To test your function (in a where block), you should define a small example table with values that lead to each of the five decision nodes in the tree.

In Part 1, we built and used a decision tree to decide who should get bed nets, but the thresholds in that decision tree were arbitrary. Now we’ll build a better tree by learning appropriate thresholds from our training data.

Here’s a way we could learn what distance from a lake is close enough that someone should get a net:

  • We can filter the table to get a table of people who got malaria and a table of people who didn’t.

  • Then we can compute the average distance from a lake for the people in each table.

  • An appropriate threshold would then be halfway between these two averages.

Task: Use a similar process to compute three new thresholds based on train-data:

  • age-thresh, halfway between the average age for non-pregnant people with malaria and non-pregnant people without malaria,
  • dist-thresh-young, halfway between the average dist-from-lake of non-pregnant people younger than age-thresh, with/without malaria, and
  • dist-thresh-old, halfway between the average dist-from-lake of non-pregnant people who are at least as old as age-thresh, with/without malaria.

Notice that to find these three thresholds, you’ll be repeating the same steps, just with different tables and columns. You can do these three steps manually to compute each threshold, but I recommend writing a function to do it for you:

fun find-separator(col :: String, t :: Table) -> Number:
  doc: "Return a number halfway between the average values of column `col` among people who got malaria and the average values of column `col` among people who did not get malaria"
  ...
end

If you write find-separator, you don’t need to give test cases for it.

Task: Next, build a new DecisionTree, net-dt-learned, that is the same as net-dt, except that it uses these new threshold values.

Great! Or is it?

To know if the DecisionTree we learned using train-data is any better than the one we started with, we should evaluate them both on a different set of data – namely, our test-data.

Task: Make a table called results1 by adding a new column called predicted to the test-data table.

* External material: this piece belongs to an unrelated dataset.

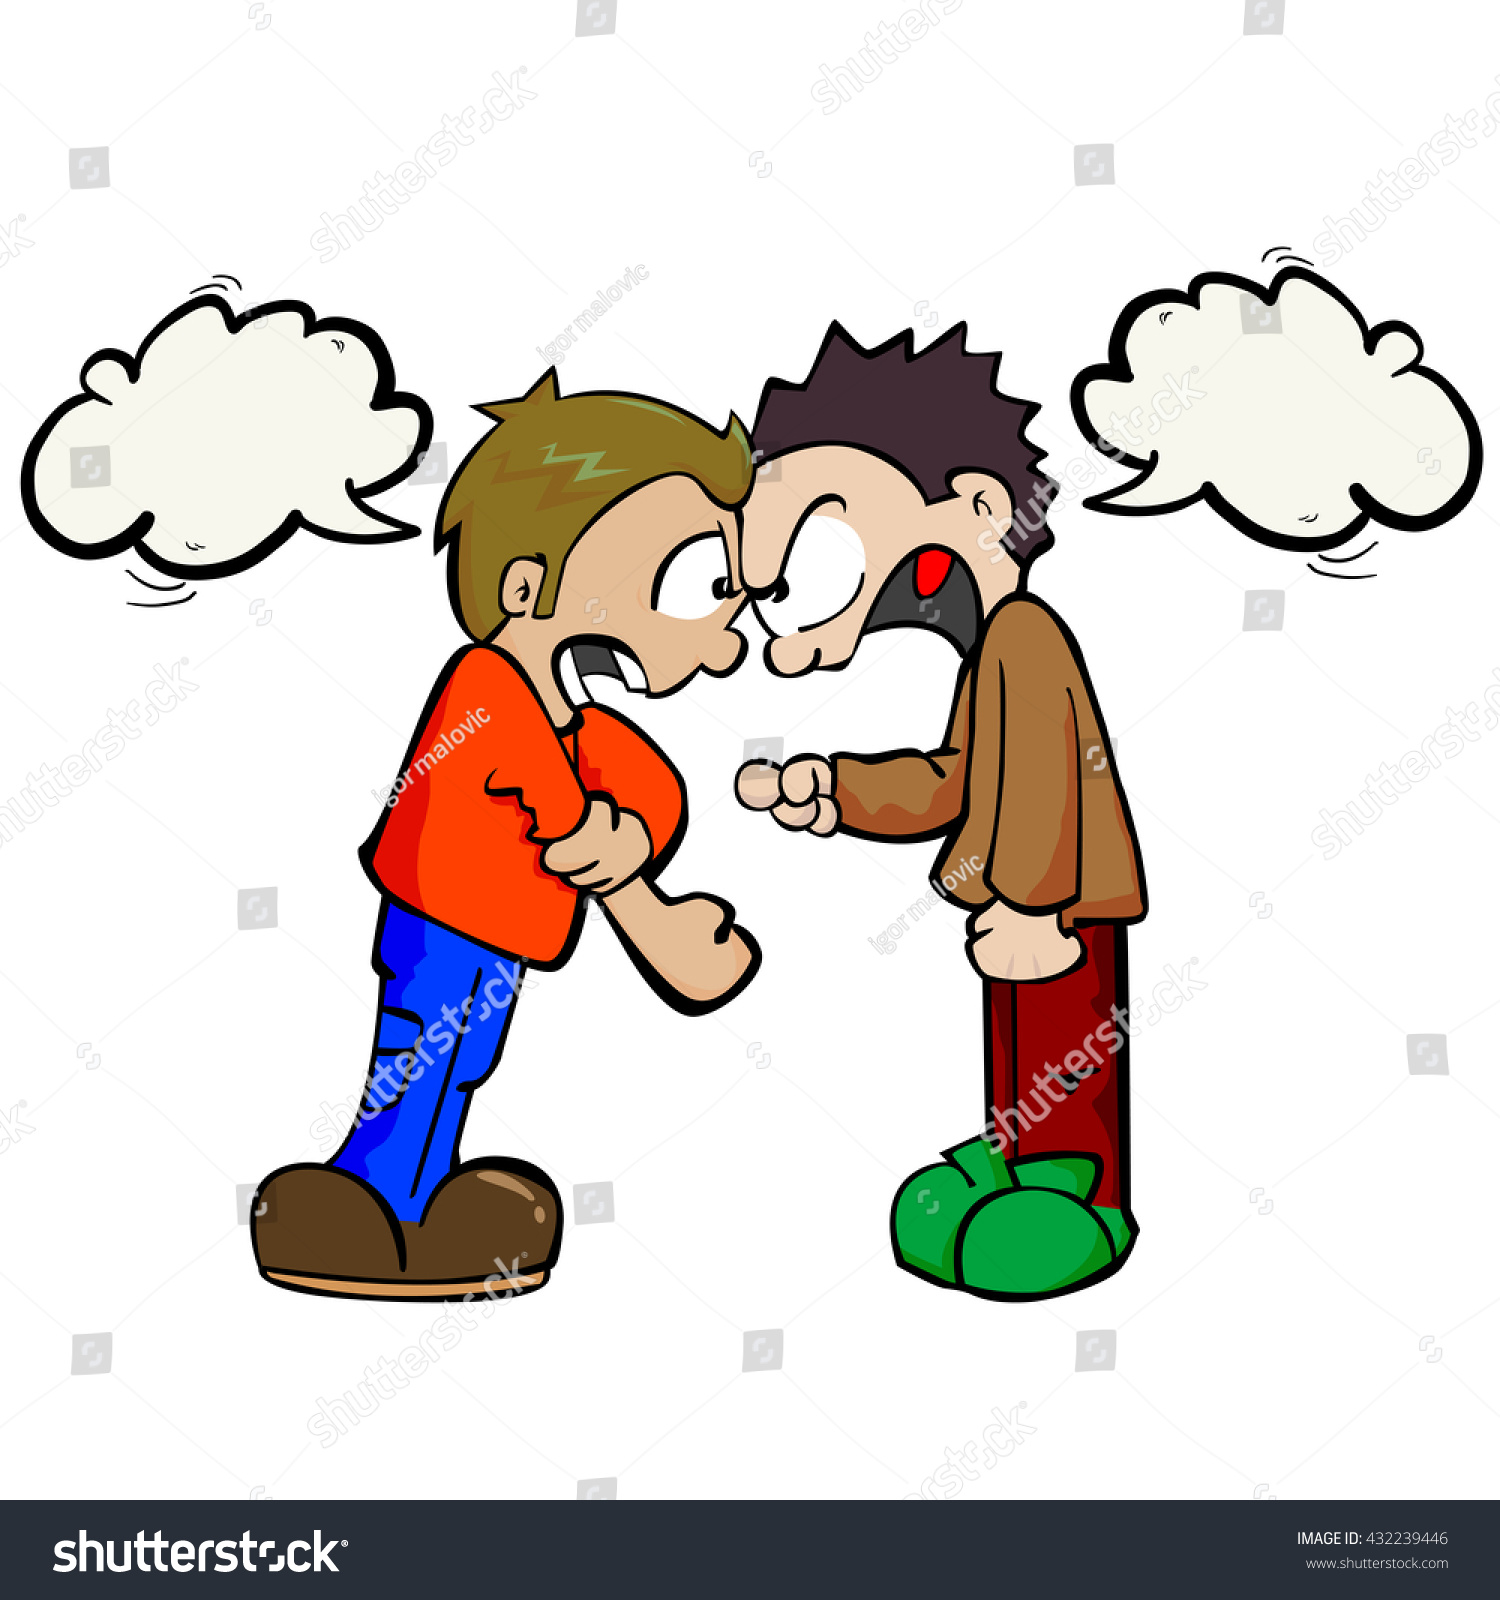 Two Boys Speech Bubbles Fighting Cartoon Stock Vector

This new column should have the results of running the give-net function with DecisionTree net-dt on each row.

Hint: Use a lambda expression so you can provide both arguments to give-net.

Task: Make a table called results2, where the predicted column is computed using net-dt-learned.

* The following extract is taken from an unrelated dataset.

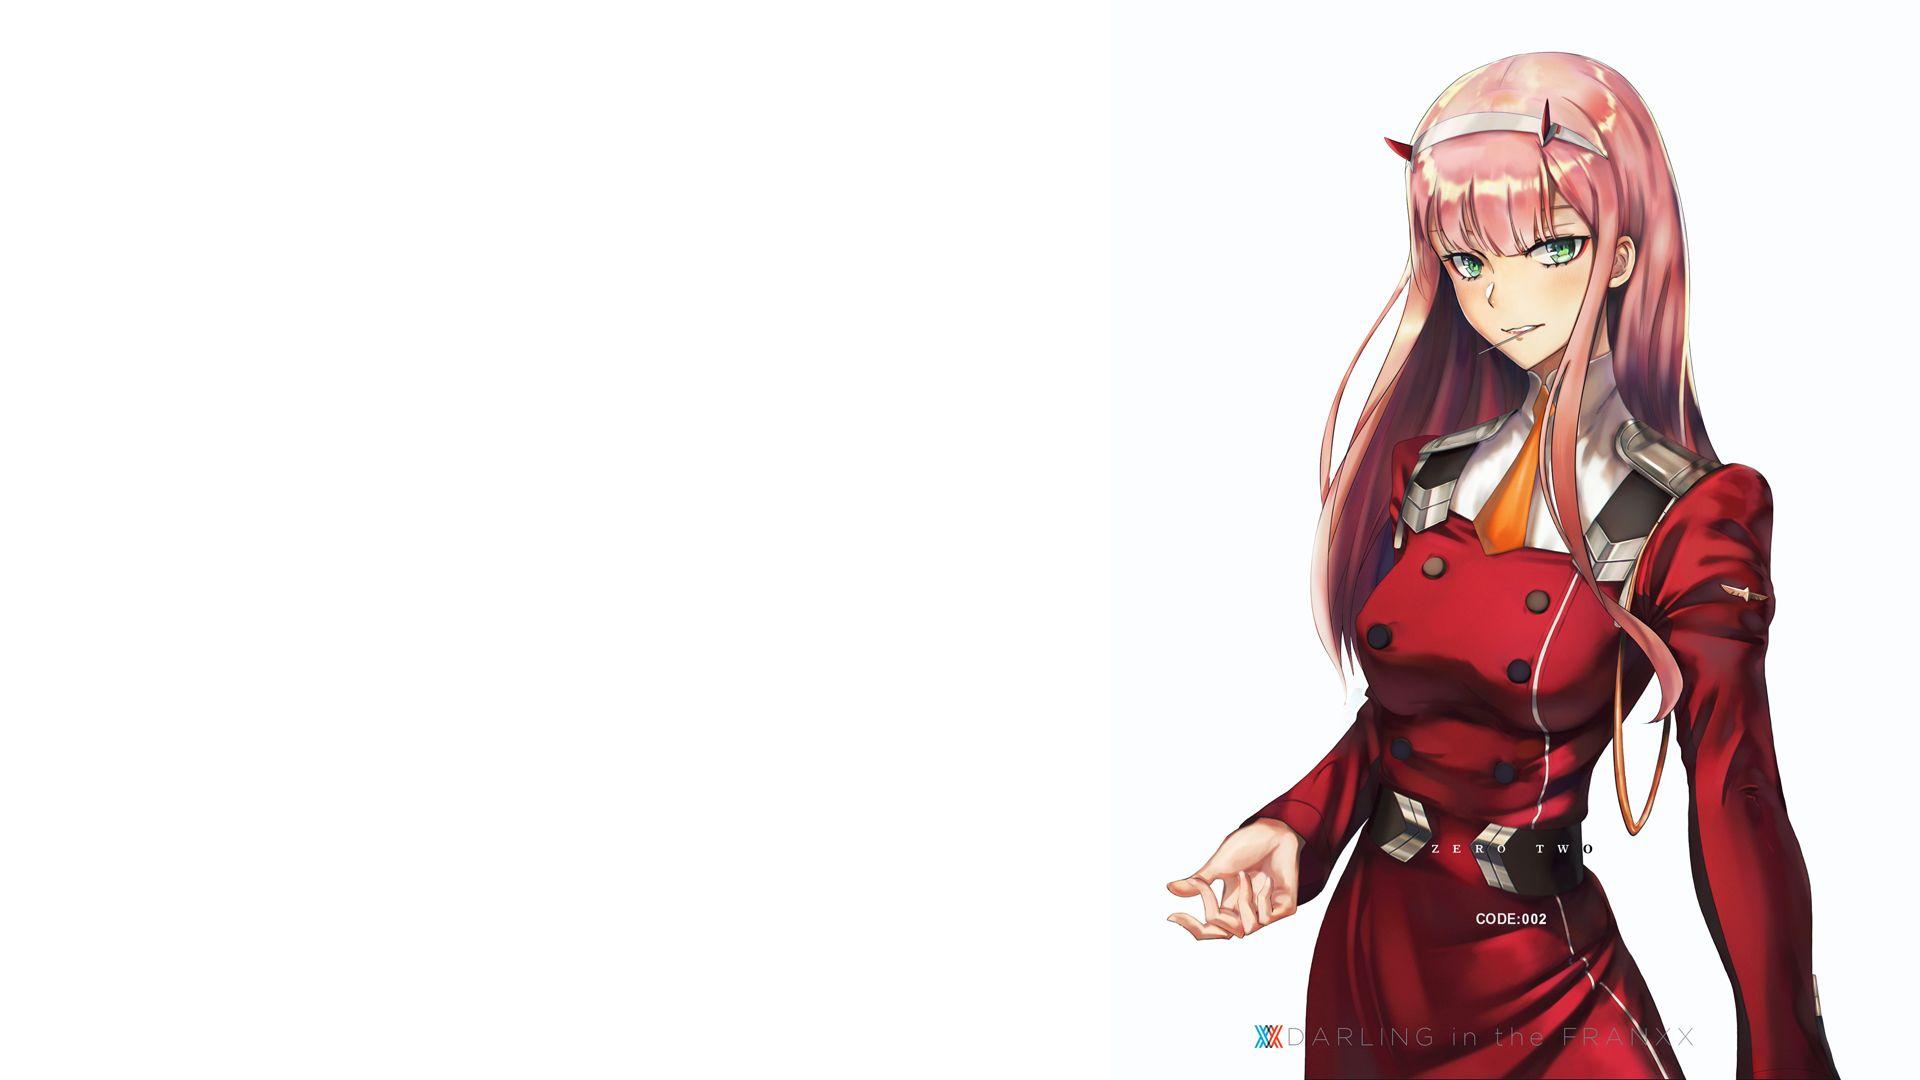 Anime Zero Two Darling In The Franxx

There are many ways to evaluate predictions, but the most common is called an F1 score, which balances our desire for high precision (only giving nets to those who actually need them) with our desire for high recall (give nets to everyone who needs one).

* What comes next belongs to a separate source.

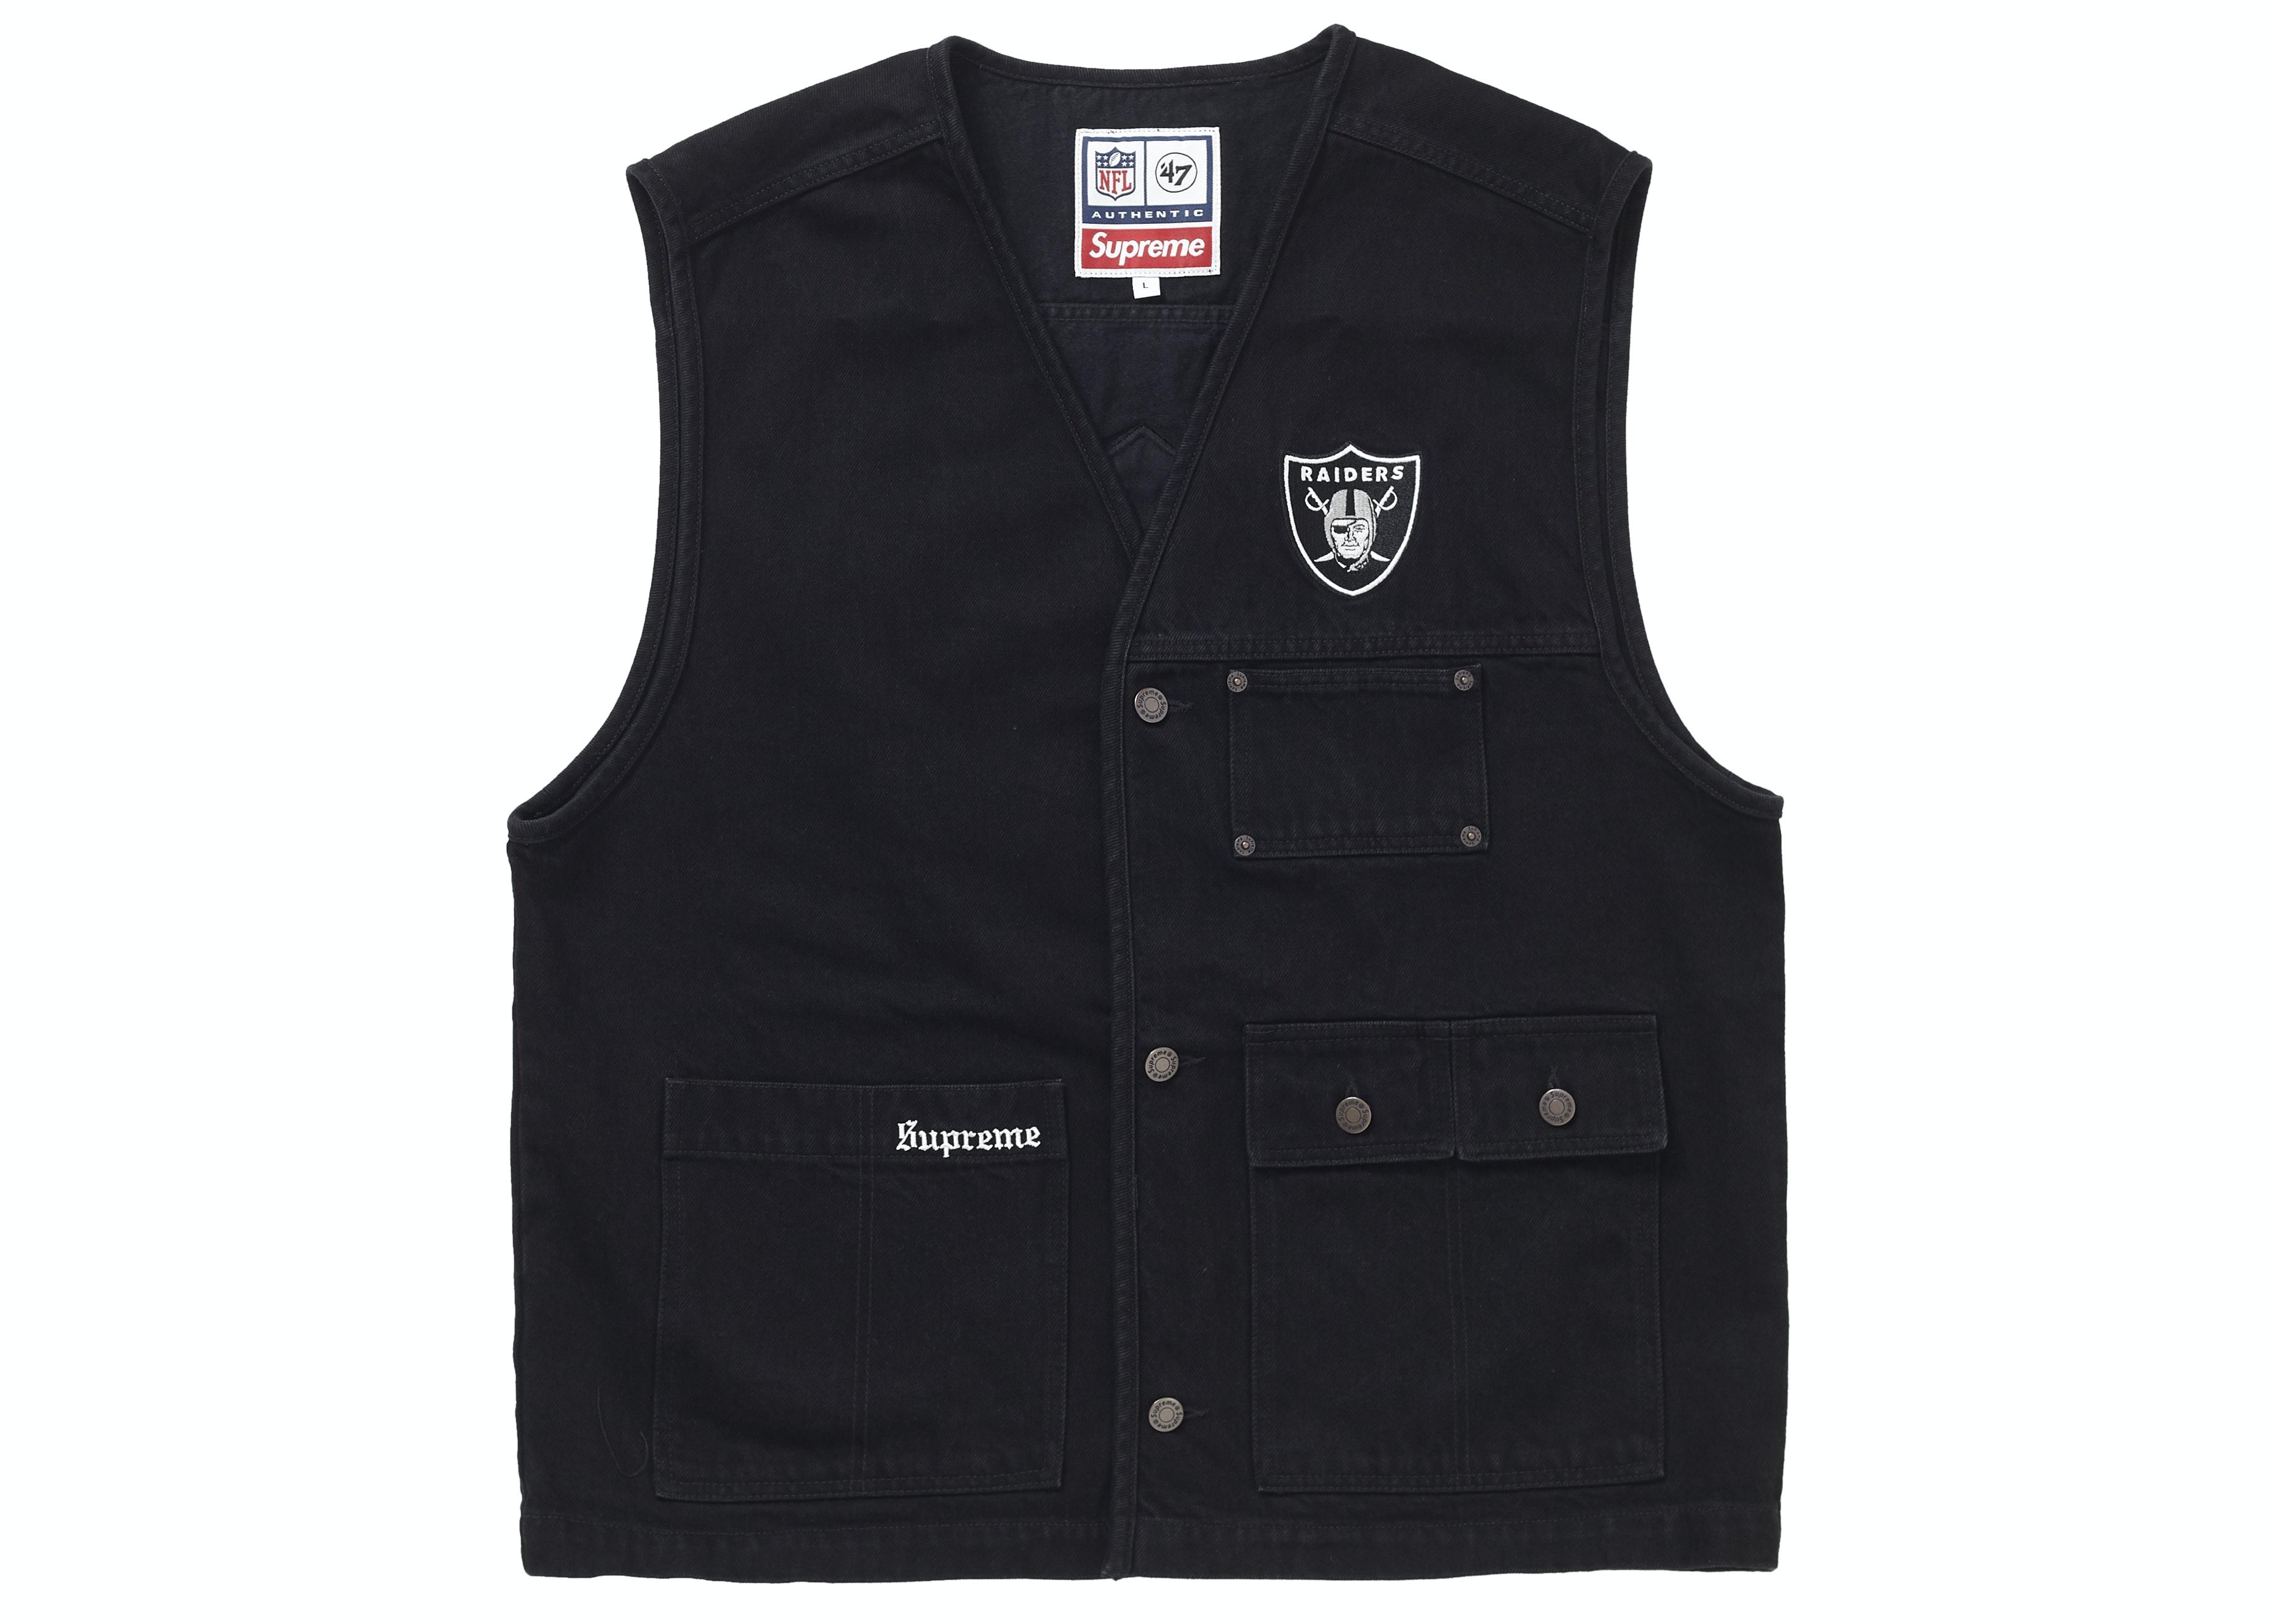 Supreme NFL x Raiders x '47 Denim Vest Black

The following function will compute the F1 score for a table, using the value in the contracted-malaria column and in the new predicted column:

fun f1-score(t :: Table) -> Number:
  doc: "Return the F1 score for a table of data with predictions"

  true-pos = filter-with(t, lam(r): r["contracted-malaria"] and r["predicted"] end).length()
  false-pos = filter-with(t, lam(r): not(r["contracted-malaria"]) and r["predicted"] end).length()
  false-neg = filter-with(t, lam(r): r["contracted-malaria"] and not(r["predicted"]) end).length()

  true-pos / (true-pos + (1/2 * (false-pos + false-neg)))
end

Task: Run f1-score on results1 and on results2. Which has a higher score?

  1. Download your file (FileDownload) and ensure it’s named asmt06.arr.

  2. Upload your assignment on Gradescope.

Note: You can submit as many times as you want before the deadline. Only your latest submission will be graded.

This assignment contains material adapted from Phyllis Frankl.